Poucos descreveram tão bem a tortura política. Nas páginas de 1984, O’Brien, um figurão do Partido,
usa um método especialmente cruel: o flagelo com ratos. “Eles saltarão sobre seu rosto e começarão a
devorá-lo. Às vezes atacam primeiro os olhos. Às vezes abrem caminho pelas bochechas e devoram a
língua”, diz a Winston.

Dedo-duro

Num episódio controverso (e não comprovado), Orwell entregou ao serviço secreto britânico, em 1949,
uma lista de 130 simpatizantes do comunismo, entre eles J.B. Priestley e Charles Chaplin. O autor foi
procurado quando estava hospitalizado, tratando-se de uma tuberculose. Ele morreu no ano seguinte.

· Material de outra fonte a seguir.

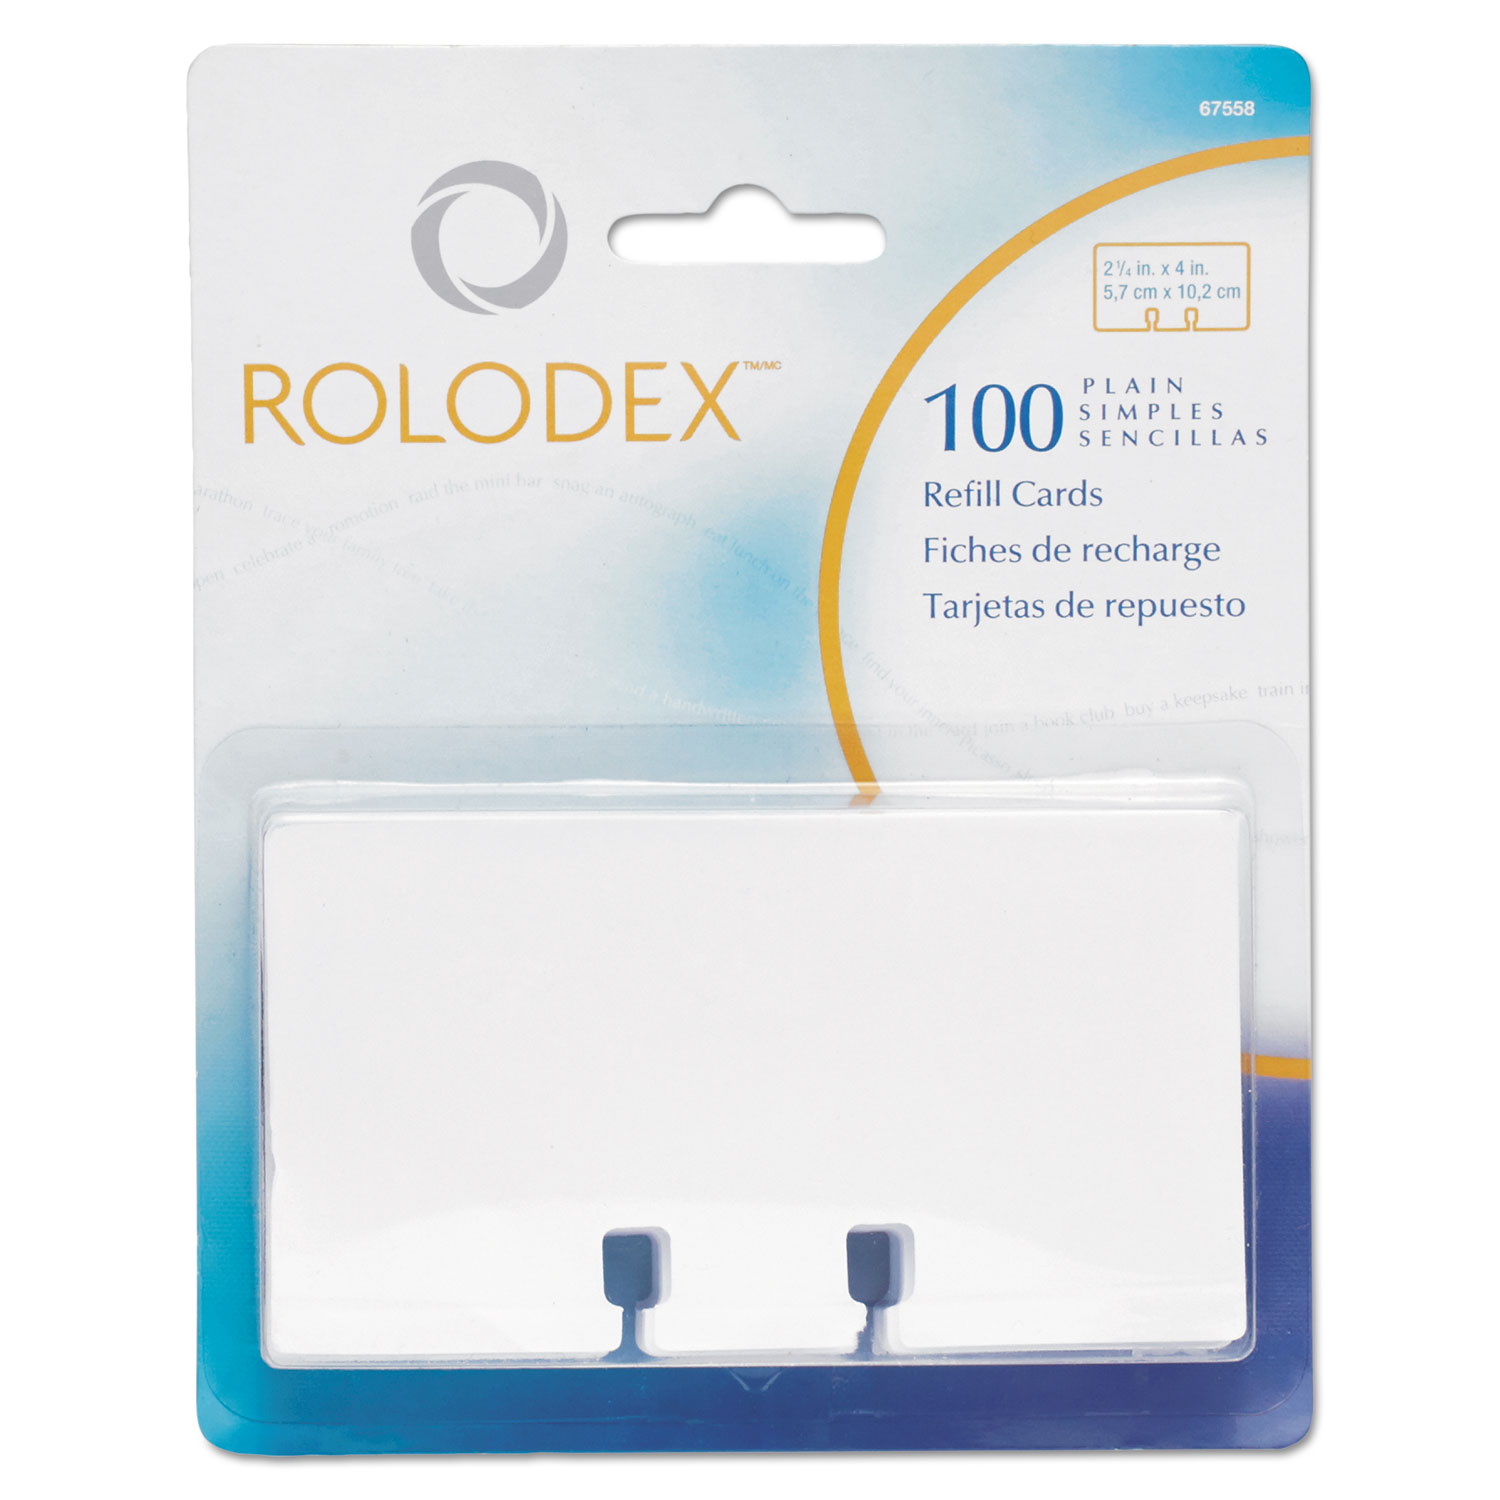  Rolodex 67558 Plain Unruled Refill Card, 2 1/4 x 4, White, 100 Cards/Pack (ROL67558)

A obra do escritor é profética também sobre a questão da quebra de privacidade. O avanço tecnológico
permite um amplo monitoramento (dos satélites às microcâmeras). Em Nova York, a ONG New York
Civil Liberties Union protesta hoje contra a existência de 40,76 câmeras instaladas por quilômetro
quadrado em Manhattan. Uma coisa, porém, Orwell não pôde antever: o gosto atual pelo
exibicionismo/voyeurismo (o que vale tanto para a moçada do Big Brother quanto para certos usuários
do Youtube, Facebook e afins).

“As pessoas agora detestam acima de tudo o anonimato. Explorar o privado virou uma forma de
participação pública”, diz a especialista em comunicação Cosette Castro, da Universidade Pública de
Barcelona. “Na obra de Orwell, é o governo que observa tudo através de câmeras – ele fala de
autoritarismo e não de voyeurismo, como é nosso caso”, disse John de Mol, criador do Big Brother,
numa entrevista à revista VEJA. Mas Orwell faz questão de frisar que existe um nexo indissolúvel
entre voyeurismo e totalitarismo. No livro, é evidente o prazer de O’Brien em imiscuir-se na vida dos
outros. Em As Sombras do Amanhã, de 1945, o historiador Johann Huizinga demonstrou que uma das
chaves para o sucesso dos regimes autoritários é estimular a bisbilhotice alheia. Todo mundo gosta de
um pouco de fofoca e muitos ditadores já usaram isso a seu favor, para coletar informações sobre os
cidadãos.

“Temos curiosidade de saber como o outro dorme, come, toma banho. O Big Brother propicia uma
resposta a esse anseio”, diz Cosette. O fenômeno do reality show, que talvez tivesse escandalizado o
escritor, é mundial. No Brasil, faz sucesso há dez anos. “O reality show é um laboratório do qual a
audiência também faz parte”, afirma Cosette Castro, referindo-se ao poder dos telespectadores de
decidir o destino dos participantes dos programas. O Big Brother da ficção foi superado pelo Grande
Irmão da realidade.

Teletelas

“Viveremos uma era em que a liberdade de pensamento será de início um pecado mortal e mais tarde
uma abstração sem sentido”, disse Orwell. As teletelas do livro são ferramentas de controle. Estão em
todo canto. Transmitem mensagens e monitoram ao mesmo tempo.
Novafala

No mundo de 1984, a língua ganha novos termos, e palavras antigas, novas acepções. A semântica é
distorcida para criar um estado de torpor e confusão. Isso está expresso no lema do Partido único:
“Guerra é paz. Liberdade é escravidão. Ignorância é força”.

Grande Irmão

Ditador e líder do Partido. É dever da população amá-lo, embora nunca tenha sido visto em pessoa.
Foi inspirado em Josef Stalin e representa o perigo do totalitarismo, junto com a teletela. Nas ruas,
cartazes mostram seu rosto e dizem “O Grande Irmão está de olho em você”.